→ Work required: Copy only what lies from the line containing "Vuurring/Keramische Ring- XL2 49 cm" through the line containing "Wohnung zum Verkauf" in the entries below, keeping both end lines exact and dropping every picture.

→ Task data:
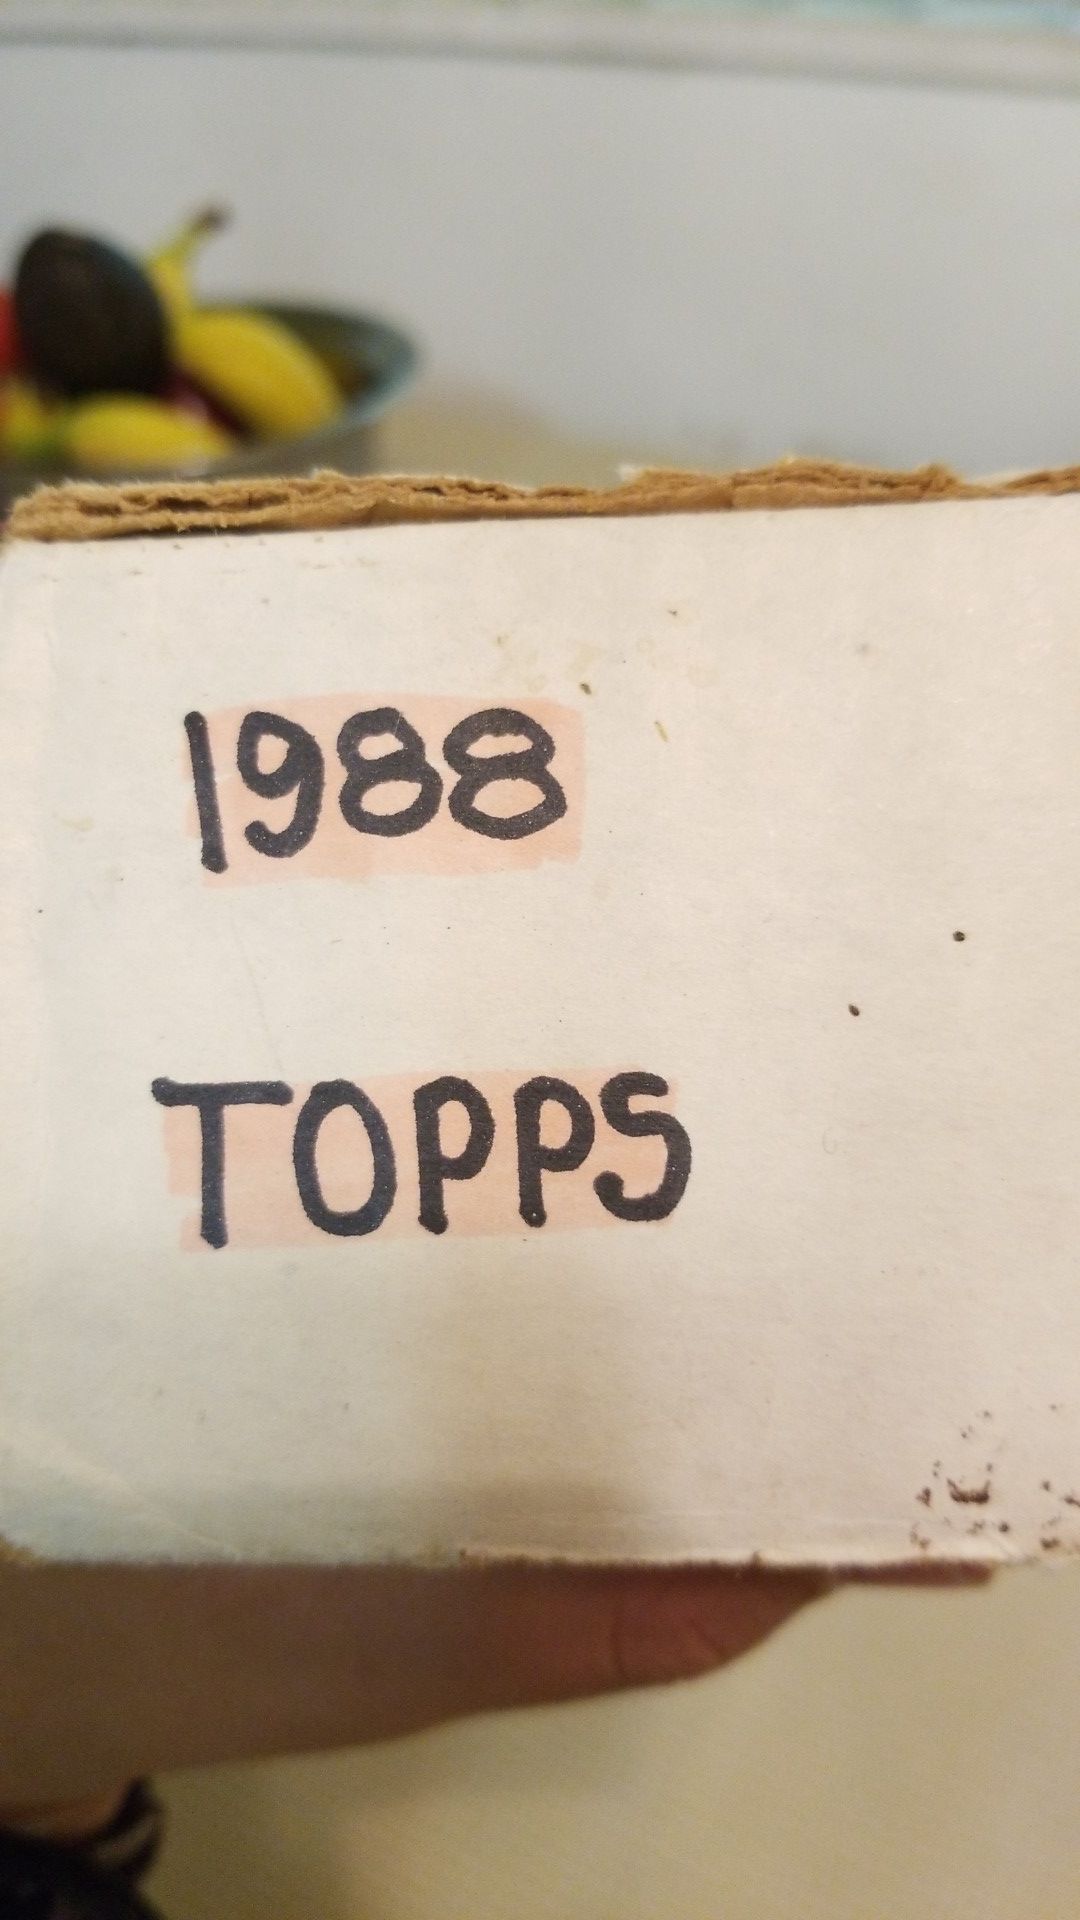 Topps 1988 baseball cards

==

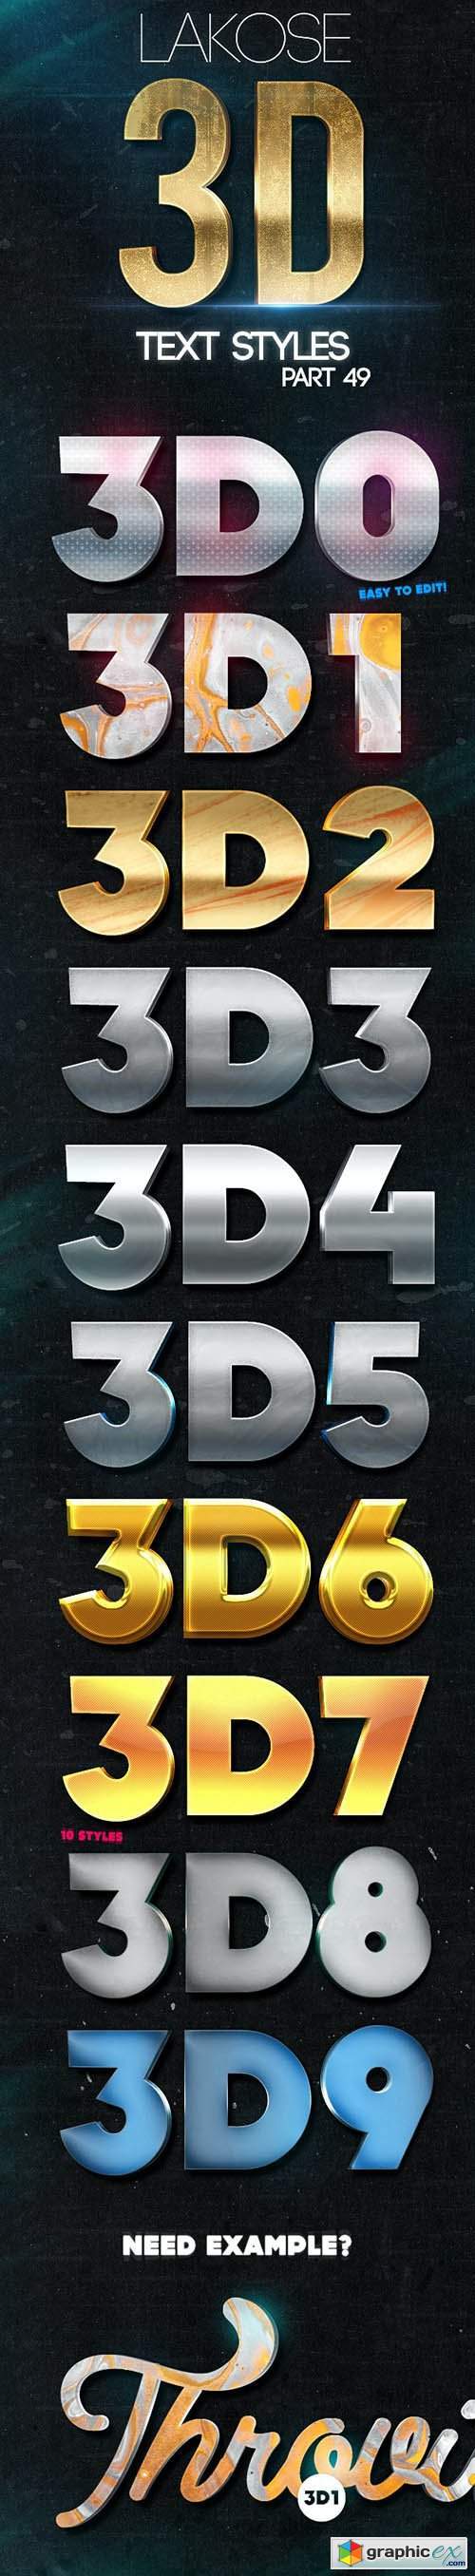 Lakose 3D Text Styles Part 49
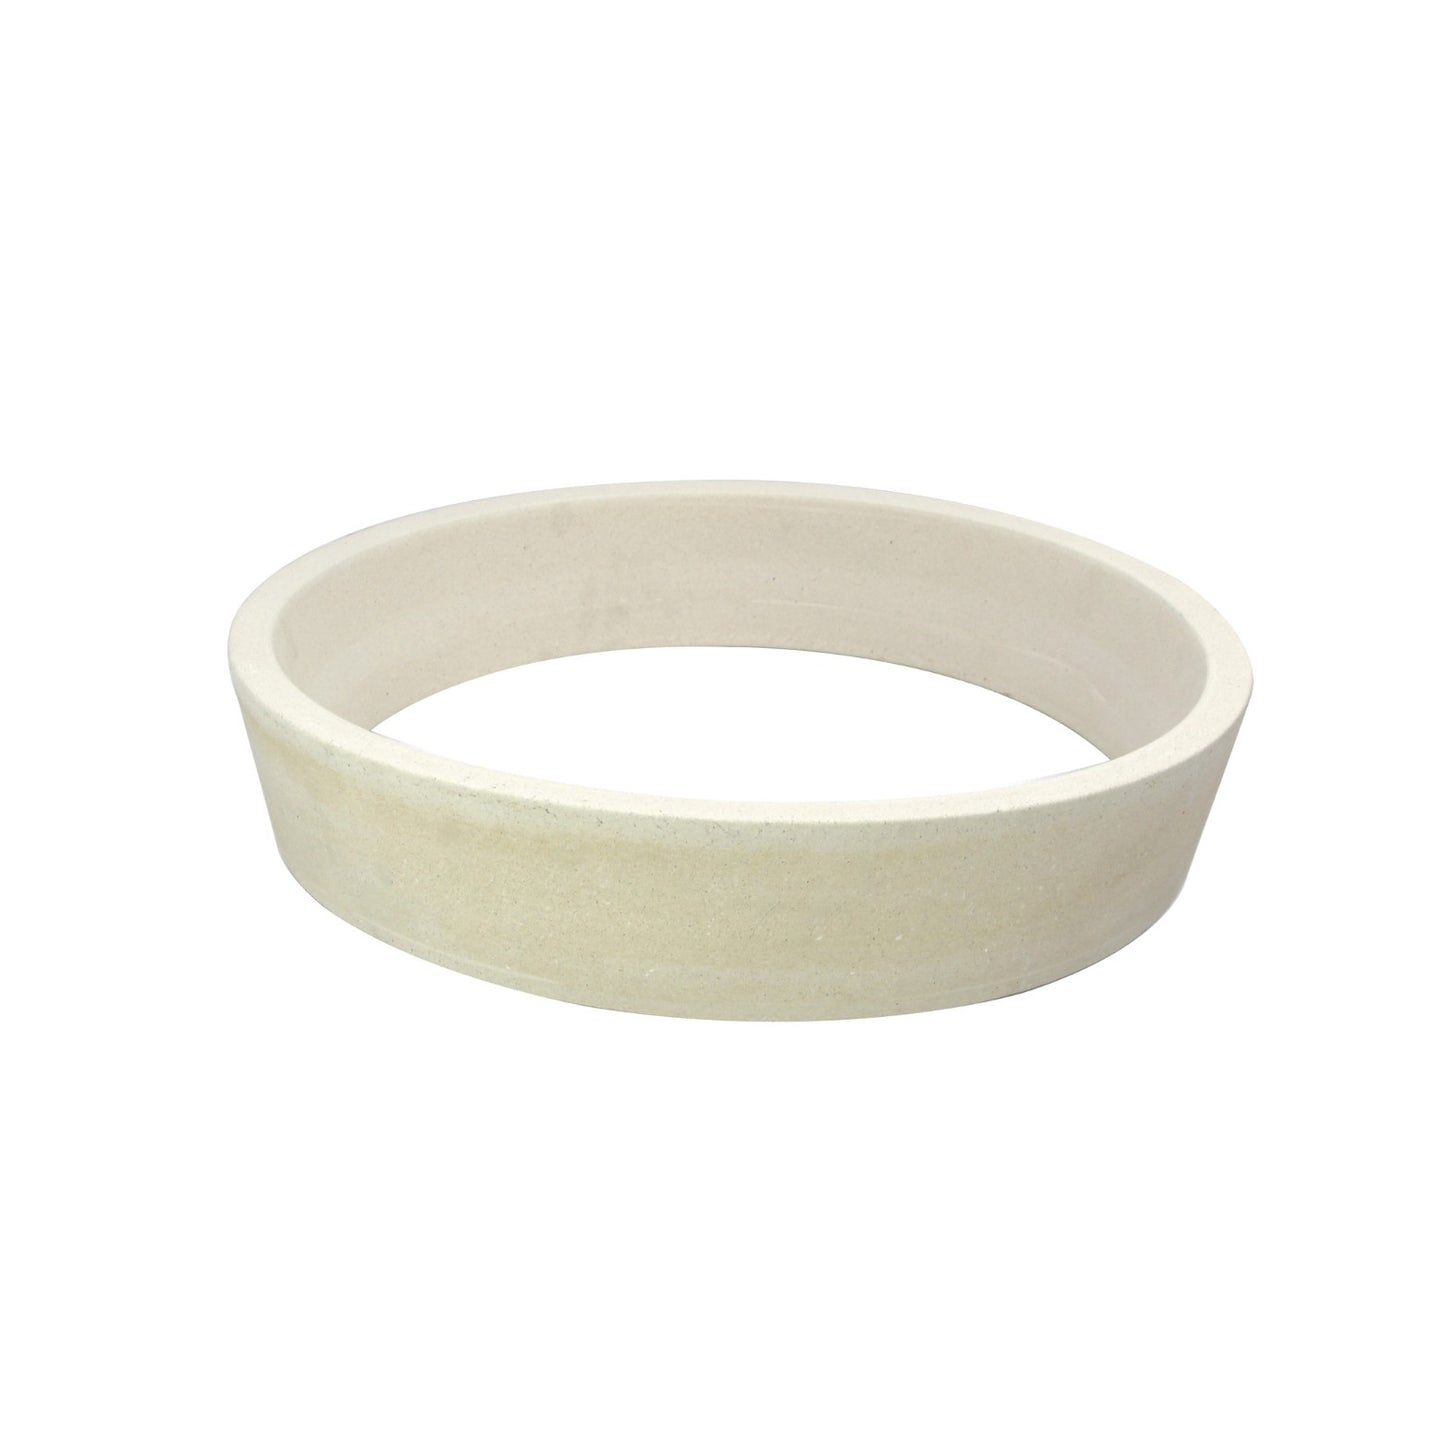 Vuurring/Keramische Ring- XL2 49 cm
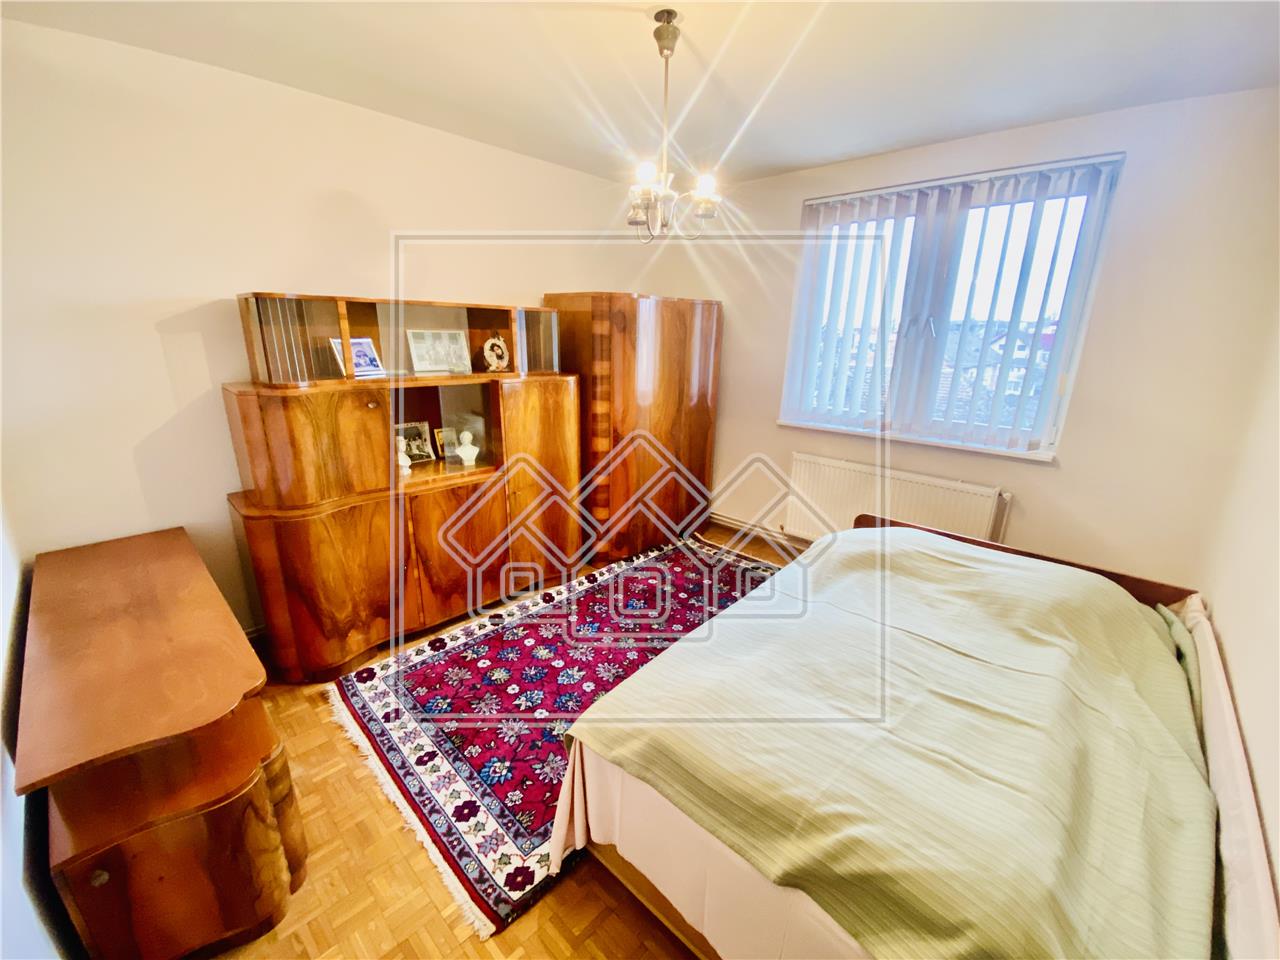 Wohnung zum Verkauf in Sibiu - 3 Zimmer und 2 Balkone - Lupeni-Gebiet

→ The completed task:
 Vuurring/Keramische Ring- XL2 49 cm
 Wohnung zum Verkauf in Sibiu - 3 Zimmer und 2 Balkone - Lupeni-Gebiet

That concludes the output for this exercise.